How is suing OpenAI different from suing an army of gifted individuals who can s...

danieldk · 2024-01-07T14:42:17 1704638537

Because larger LLMs can reproduce text verbatim, speed readers probably not:

https://nitter.net/maksym_andr/status/1740776900786626608

pmarreck · 2024-01-07T18:40:20 1704652820

So what this tells me is that if you make a carefully constructed prompt and change the temperature to zero (not an option normally available), and know the exact article title and perhaps the beginning of the first paragraph (which is pretty difficult to do unless you already basically have access to the full article), you can potentially get verbatim articles back out.

Great, so all those paywalls that use verbatim subjects and early texts as a teaser are now broken! Well, for all old articles that the LLM was trained on, at least, I guess. Very simple countermeasure is to simply use AI to paraphrase the subject and article (paradoxically) until the person pays for the privilege of reading human-authored text.

I'm sorry but this is a very weak argument. For example, I don't even believe normal users have access to the GPT4 system prompt unless they use the API directly (and possibly not even then, I'd have to check).

eviks · 2024-01-07T16:03:34 1704643414

One is real, another one is made up (and there is plagiarism, of course, many pages of examples of that)

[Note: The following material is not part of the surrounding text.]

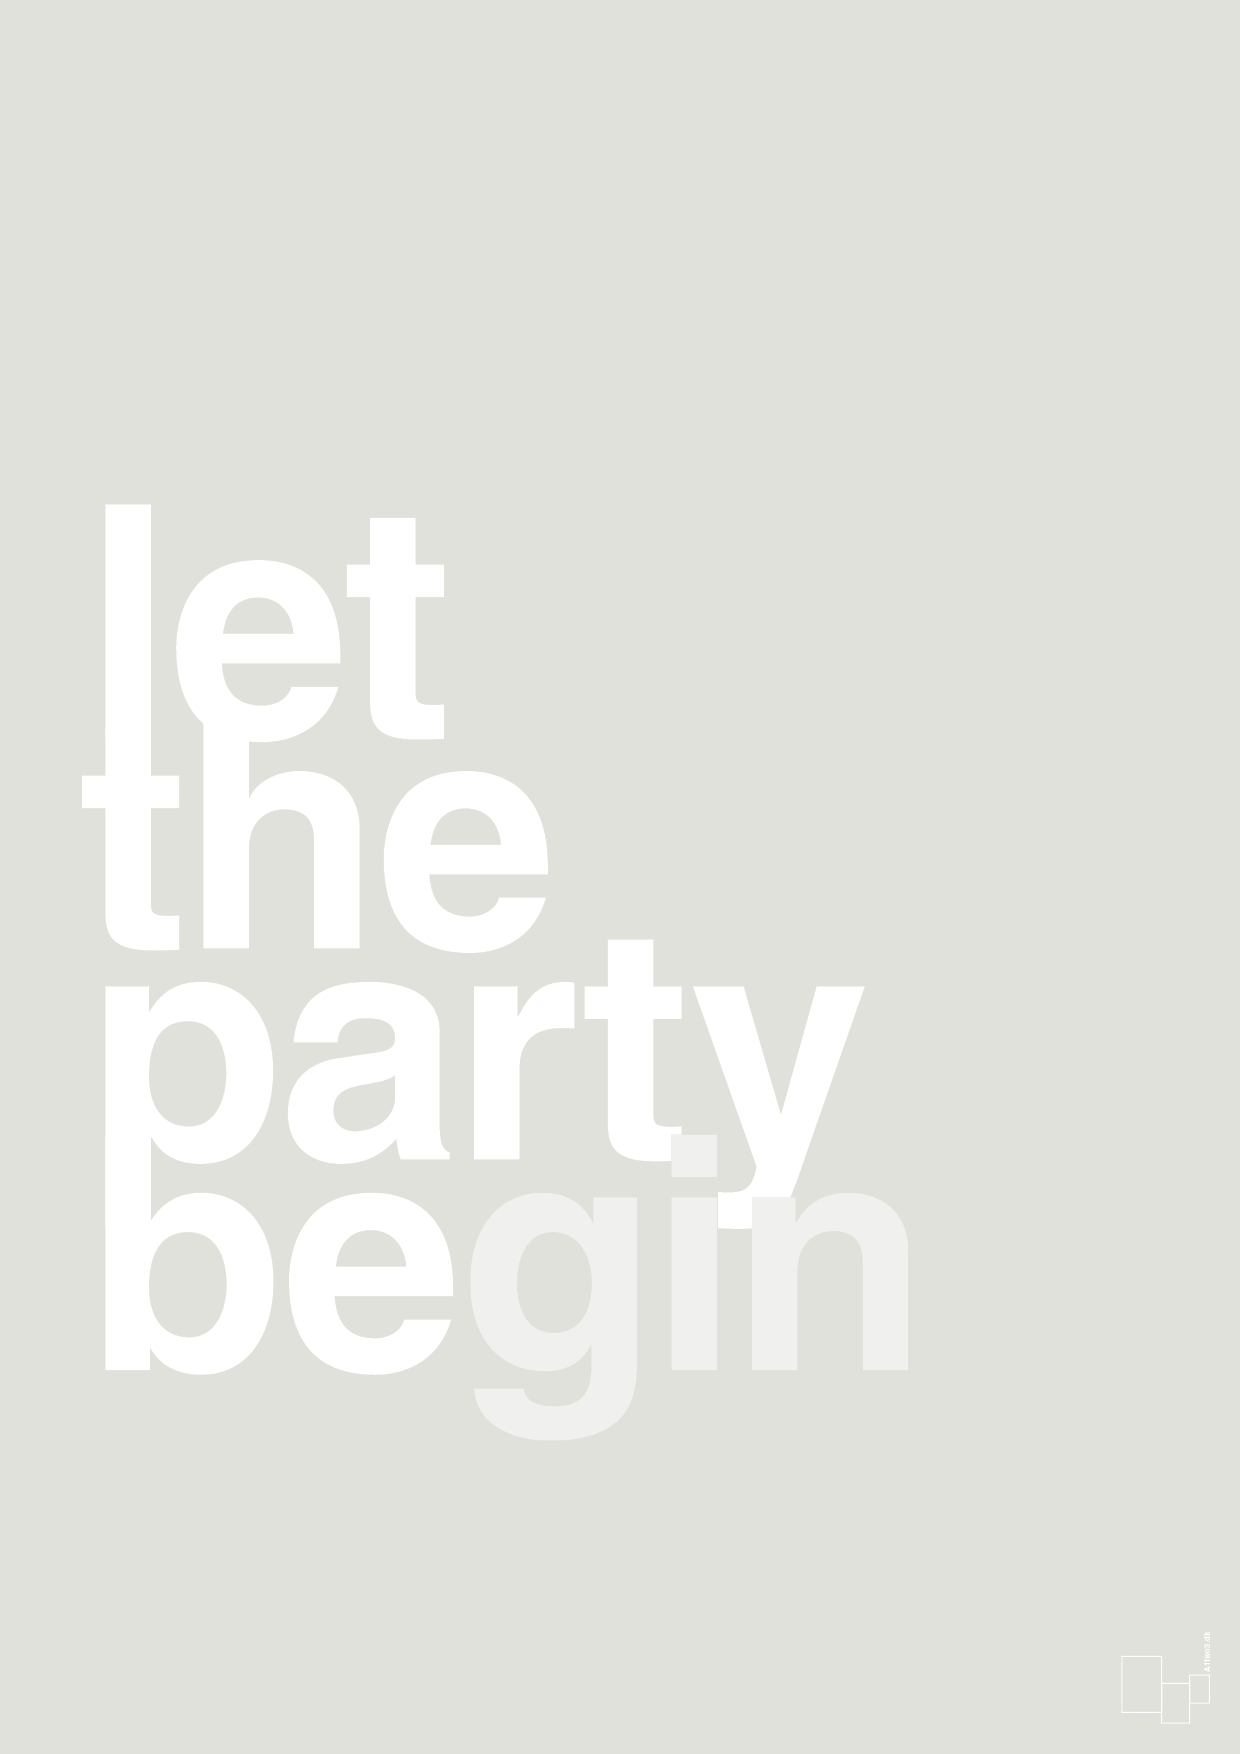 let the party begin - Plakat med Ordsprog i Painters White

pmarreck · 2024-01-10T00:18:25 1704845905

The temperature setting controls randomness output of the LLM.

We paraphrase all the time to avoid plagiarism and that's just somewhat randomized retelling of the same idea.

If you set the temperature to 0 in an LLM it's basically in "decompress/rote mode". I don't think this is qualitatively the same as "copying", possibly more akin to "memorization". I haven't seen very many demonstrations of verbatim-copy output that wasn't done with a temperature of or near 0.

eviks · 2024-01-10T06:55:26 1704869726

Also, you can't avoid plagiarism by paraphrasing because paraphrasing is a form of plagiarism. The key here is whether you cite the source, which the model doesn't

https://www.scribbr.com/frequently-asked-questions/is-paraph...

pmarreck · 2024-01-11T05:08:30 1704949710

that's coming. some LLM's are already starting to do that

eviks · 2024-01-10T06:49:40 1704869380

How is the fact that there is a flag to disable plagiarism relevant for the issue that there is plagiarism?

pmarreck · 2024-01-11T05:10:05 1704949805

Because enabling "plagiarism mode" is a conscious action that a human takes, it does not default to "plagiarize" no more than a machine that has simply stored the verbatim copy of an article, when asked to print it out, is "plagiarizing". Plus, citations are showing up in LLM's now.